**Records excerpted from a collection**
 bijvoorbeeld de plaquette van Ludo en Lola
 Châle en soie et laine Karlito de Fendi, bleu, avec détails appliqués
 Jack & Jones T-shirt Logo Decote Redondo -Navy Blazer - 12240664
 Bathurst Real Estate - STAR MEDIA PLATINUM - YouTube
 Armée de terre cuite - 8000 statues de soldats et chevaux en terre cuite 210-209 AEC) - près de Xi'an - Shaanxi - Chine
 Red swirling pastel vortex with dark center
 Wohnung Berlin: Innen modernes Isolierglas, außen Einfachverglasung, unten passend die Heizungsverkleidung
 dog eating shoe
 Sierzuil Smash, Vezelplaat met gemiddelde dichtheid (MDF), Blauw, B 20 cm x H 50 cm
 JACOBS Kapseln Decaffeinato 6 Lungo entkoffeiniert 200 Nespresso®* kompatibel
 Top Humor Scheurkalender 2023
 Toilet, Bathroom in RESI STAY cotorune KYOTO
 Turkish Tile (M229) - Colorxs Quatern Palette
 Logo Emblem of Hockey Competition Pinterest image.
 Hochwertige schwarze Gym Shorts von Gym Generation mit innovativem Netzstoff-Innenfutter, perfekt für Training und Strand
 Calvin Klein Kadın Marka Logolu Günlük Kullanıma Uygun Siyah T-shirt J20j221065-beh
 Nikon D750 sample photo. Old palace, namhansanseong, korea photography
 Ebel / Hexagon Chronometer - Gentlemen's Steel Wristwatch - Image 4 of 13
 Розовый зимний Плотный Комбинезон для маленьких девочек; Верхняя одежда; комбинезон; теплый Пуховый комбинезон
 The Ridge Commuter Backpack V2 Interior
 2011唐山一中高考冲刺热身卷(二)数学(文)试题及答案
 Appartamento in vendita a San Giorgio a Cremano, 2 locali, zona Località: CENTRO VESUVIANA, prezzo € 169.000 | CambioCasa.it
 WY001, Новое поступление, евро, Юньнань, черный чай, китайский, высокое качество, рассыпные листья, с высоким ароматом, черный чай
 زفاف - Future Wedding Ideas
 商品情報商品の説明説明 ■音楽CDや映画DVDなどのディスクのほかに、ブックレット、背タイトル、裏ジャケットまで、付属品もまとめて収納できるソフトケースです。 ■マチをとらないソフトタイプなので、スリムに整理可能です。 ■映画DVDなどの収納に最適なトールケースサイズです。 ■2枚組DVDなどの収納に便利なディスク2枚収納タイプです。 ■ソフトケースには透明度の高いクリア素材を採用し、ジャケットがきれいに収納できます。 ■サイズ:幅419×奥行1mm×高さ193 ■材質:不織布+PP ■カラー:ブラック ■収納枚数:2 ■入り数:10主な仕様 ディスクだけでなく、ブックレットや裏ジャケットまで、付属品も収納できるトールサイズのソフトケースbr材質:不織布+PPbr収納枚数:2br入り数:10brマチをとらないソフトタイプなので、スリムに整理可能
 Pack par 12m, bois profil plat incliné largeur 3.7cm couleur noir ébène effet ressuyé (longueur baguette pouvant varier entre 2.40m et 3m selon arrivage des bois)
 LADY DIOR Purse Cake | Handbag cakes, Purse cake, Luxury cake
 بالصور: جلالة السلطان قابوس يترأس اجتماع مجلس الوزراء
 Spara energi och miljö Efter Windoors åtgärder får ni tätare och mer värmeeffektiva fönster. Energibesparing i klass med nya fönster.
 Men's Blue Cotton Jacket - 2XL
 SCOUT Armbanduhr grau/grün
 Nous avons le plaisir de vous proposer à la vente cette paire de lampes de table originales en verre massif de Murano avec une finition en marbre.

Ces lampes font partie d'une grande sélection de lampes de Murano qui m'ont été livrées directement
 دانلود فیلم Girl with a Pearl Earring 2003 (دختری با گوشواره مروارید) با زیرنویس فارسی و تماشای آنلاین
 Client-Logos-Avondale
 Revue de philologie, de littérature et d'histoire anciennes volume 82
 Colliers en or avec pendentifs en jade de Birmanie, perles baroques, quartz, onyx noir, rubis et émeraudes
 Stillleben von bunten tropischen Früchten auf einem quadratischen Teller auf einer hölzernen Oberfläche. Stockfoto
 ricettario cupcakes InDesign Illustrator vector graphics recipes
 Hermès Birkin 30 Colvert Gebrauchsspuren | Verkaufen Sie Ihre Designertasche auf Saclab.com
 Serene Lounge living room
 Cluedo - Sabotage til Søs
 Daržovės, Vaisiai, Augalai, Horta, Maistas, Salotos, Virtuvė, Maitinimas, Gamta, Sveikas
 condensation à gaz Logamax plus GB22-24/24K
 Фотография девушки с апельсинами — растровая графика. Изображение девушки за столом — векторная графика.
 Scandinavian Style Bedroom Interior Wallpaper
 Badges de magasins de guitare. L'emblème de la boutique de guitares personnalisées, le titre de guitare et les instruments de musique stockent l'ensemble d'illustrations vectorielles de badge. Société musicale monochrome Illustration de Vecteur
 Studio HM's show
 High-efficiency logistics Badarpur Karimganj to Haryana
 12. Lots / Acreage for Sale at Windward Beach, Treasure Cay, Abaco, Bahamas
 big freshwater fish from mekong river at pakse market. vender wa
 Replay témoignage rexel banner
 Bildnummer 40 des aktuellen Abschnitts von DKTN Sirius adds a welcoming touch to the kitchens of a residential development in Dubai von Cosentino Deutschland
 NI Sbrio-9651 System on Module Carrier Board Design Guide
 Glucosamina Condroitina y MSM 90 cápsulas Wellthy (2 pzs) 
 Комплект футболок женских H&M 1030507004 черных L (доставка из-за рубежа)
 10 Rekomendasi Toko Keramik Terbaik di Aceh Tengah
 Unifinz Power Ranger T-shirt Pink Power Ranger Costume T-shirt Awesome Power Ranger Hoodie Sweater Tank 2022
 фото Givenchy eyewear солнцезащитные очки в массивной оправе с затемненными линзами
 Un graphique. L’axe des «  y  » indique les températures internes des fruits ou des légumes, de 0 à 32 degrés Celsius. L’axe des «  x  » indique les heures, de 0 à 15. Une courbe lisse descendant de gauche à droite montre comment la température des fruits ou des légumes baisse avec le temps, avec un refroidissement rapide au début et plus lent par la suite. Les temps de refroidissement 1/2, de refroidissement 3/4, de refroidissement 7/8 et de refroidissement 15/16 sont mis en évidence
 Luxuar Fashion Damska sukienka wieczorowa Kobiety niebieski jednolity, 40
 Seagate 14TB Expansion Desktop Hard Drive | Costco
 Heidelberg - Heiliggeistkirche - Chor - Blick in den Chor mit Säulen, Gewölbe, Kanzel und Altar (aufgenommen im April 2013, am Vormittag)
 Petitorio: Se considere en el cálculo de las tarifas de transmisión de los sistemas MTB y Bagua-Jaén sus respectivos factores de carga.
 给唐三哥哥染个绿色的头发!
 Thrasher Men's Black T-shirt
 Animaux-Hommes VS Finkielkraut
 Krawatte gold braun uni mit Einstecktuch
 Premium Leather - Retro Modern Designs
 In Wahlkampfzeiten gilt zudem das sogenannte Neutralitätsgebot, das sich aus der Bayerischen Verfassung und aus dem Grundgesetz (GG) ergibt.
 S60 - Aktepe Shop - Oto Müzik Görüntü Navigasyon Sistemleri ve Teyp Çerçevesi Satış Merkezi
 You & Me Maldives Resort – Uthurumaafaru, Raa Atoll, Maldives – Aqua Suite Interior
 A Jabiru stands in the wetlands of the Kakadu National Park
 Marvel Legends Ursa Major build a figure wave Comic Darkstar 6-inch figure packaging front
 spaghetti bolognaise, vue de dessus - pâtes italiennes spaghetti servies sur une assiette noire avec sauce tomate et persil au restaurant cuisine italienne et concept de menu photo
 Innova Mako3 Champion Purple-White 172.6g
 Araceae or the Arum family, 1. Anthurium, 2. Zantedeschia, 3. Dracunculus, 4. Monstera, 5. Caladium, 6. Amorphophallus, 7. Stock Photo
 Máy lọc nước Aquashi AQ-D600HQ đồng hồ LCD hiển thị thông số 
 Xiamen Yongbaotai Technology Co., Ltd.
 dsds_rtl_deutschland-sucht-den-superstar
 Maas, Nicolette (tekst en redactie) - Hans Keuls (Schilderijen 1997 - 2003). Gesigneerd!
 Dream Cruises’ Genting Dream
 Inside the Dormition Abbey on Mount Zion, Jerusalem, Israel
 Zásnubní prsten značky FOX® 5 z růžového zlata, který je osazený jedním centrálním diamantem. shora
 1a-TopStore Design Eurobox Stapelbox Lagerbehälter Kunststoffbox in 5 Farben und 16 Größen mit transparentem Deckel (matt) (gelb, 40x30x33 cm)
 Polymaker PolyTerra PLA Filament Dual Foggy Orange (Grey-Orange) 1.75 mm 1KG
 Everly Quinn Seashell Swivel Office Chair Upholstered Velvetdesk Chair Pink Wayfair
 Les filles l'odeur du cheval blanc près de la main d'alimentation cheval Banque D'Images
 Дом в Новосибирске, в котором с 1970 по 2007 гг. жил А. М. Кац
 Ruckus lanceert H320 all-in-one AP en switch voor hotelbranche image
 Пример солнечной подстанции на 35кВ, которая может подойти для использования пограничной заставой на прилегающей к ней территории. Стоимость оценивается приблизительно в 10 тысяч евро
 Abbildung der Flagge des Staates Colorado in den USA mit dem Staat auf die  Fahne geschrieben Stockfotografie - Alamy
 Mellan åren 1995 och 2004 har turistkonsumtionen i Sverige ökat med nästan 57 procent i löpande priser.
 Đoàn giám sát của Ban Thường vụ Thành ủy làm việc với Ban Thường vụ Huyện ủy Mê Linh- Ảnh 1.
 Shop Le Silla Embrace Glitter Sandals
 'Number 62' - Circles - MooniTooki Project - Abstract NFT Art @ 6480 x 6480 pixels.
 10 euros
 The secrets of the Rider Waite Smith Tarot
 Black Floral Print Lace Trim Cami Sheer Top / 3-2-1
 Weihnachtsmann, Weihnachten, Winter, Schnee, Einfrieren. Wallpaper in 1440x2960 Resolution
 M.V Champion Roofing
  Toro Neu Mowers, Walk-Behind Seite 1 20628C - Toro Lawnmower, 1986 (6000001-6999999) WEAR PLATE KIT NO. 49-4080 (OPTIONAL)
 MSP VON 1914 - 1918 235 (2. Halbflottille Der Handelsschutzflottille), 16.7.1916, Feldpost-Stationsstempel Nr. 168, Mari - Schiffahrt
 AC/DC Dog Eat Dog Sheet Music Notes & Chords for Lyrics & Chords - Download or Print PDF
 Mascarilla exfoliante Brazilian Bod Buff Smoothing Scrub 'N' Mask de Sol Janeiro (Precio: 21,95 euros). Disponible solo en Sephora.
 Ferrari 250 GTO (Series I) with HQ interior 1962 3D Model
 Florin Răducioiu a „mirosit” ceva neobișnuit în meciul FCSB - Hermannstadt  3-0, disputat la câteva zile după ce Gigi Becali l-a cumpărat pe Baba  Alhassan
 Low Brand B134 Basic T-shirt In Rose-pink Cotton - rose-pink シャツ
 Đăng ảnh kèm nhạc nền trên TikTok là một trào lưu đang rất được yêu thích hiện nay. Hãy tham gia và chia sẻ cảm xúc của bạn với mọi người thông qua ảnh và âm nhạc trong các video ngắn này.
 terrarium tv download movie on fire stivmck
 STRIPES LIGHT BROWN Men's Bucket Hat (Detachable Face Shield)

**Exercise aim**
Keep to the lines from the one containing "Low Brand B134" to the end of the entries above, and retype them exactly.

**Answer space**
 Low Brand B134 Basic T-shirt In Rose-pink Cotton - rose-pink シャツ
 Đăng ảnh kèm nhạc nền trên TikTok là một trào lưu đang rất được yêu thích hiện nay. Hãy tham gia và chia sẻ cảm xúc của bạn với mọi người thông qua ảnh và âm nhạc trong các video ngắn này.
 terrarium tv download movie on fire stivmck
 STRIPES LIGHT BROWN Men's Bucket Hat (Detachable Face Shield)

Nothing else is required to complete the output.